Lessons Learned from OO Projects
In process Metrics for Outage and Availability
To improve product reliability and availability, sound architecture and good designs are key. Root causes and lessons learned from customer outages in the field can be used to improve the design points for the next release of the product. In terms of in-process metrics when the product is under development, however, we don't recommend premature tracking of outages and availability during the early phases of testing. Such tracking should be done during the product-level testing or during the final system test phase in a customerlike environment. During early phases of testing, the defect arrival volume is high and the objective is to flush out the functional defects before the system stabilizes. Tracking and focus at these phases should be on testing progress, defect arrivals, and defect backlog. When the system is achieving good stability, normally during the final phase of testing, metrics for tracking system availability become meaningful. In Chapter 10, we discuss and recommend several metrics that measure outages and availability: number and trend of system crashes and hangs , CPU utilization, and Mean Time to unplanned IPL (initial program load, or reboot). While some metrics may require tools, resources, and a well-established tracking system, tracking the system crashes and hangs can be done by paper and pencil, and can be implemented easily by small teams .
For projects that have a beta program, we recommend tracking customer outages in beta, especially those customers who migrated their production runs to the new release.

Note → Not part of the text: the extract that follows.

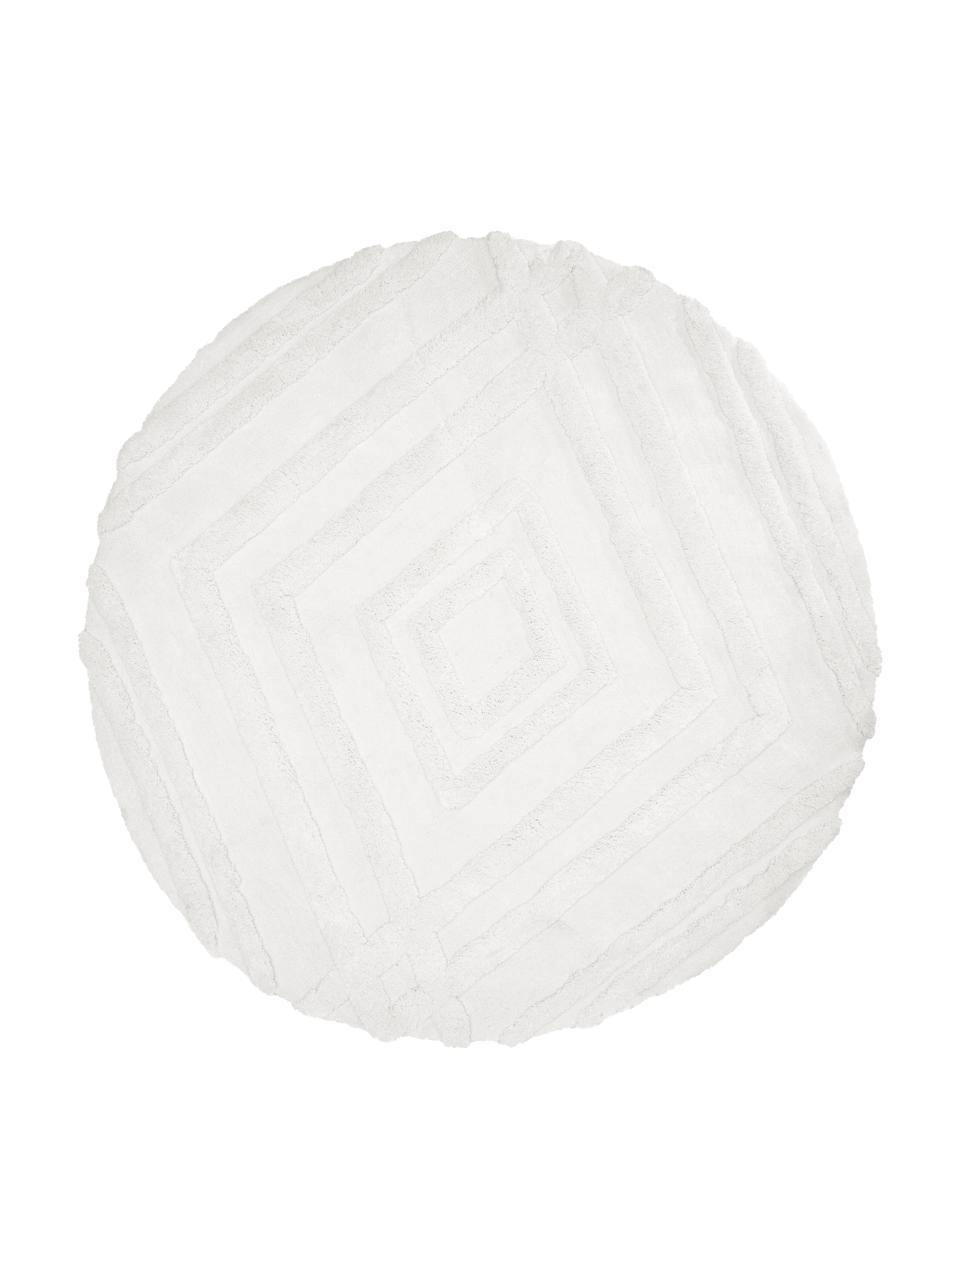 Tapis rond shaggy moelleux ethnique Magda, Blanc crème

The same focus as the field outages should be applied to these outages during the beta program. Outages during the beta program can also be used as a predictive indicator of the system outages and availability in the field after the product is shipped. The difference is that during beta, there are still chances to take improvement actions before the product is made available to the entire customer population. We have experience in tracking system crashes during customer beta for several years . Due to small numbers , we haven't established a parametric correlation be-tween beta outages and field outages yet. But using nonparametric (rank-order) correlation methods and comparing releases, we did see a positive correlation between the two ”the more crashes during beta, the more outages and less system availability in the field.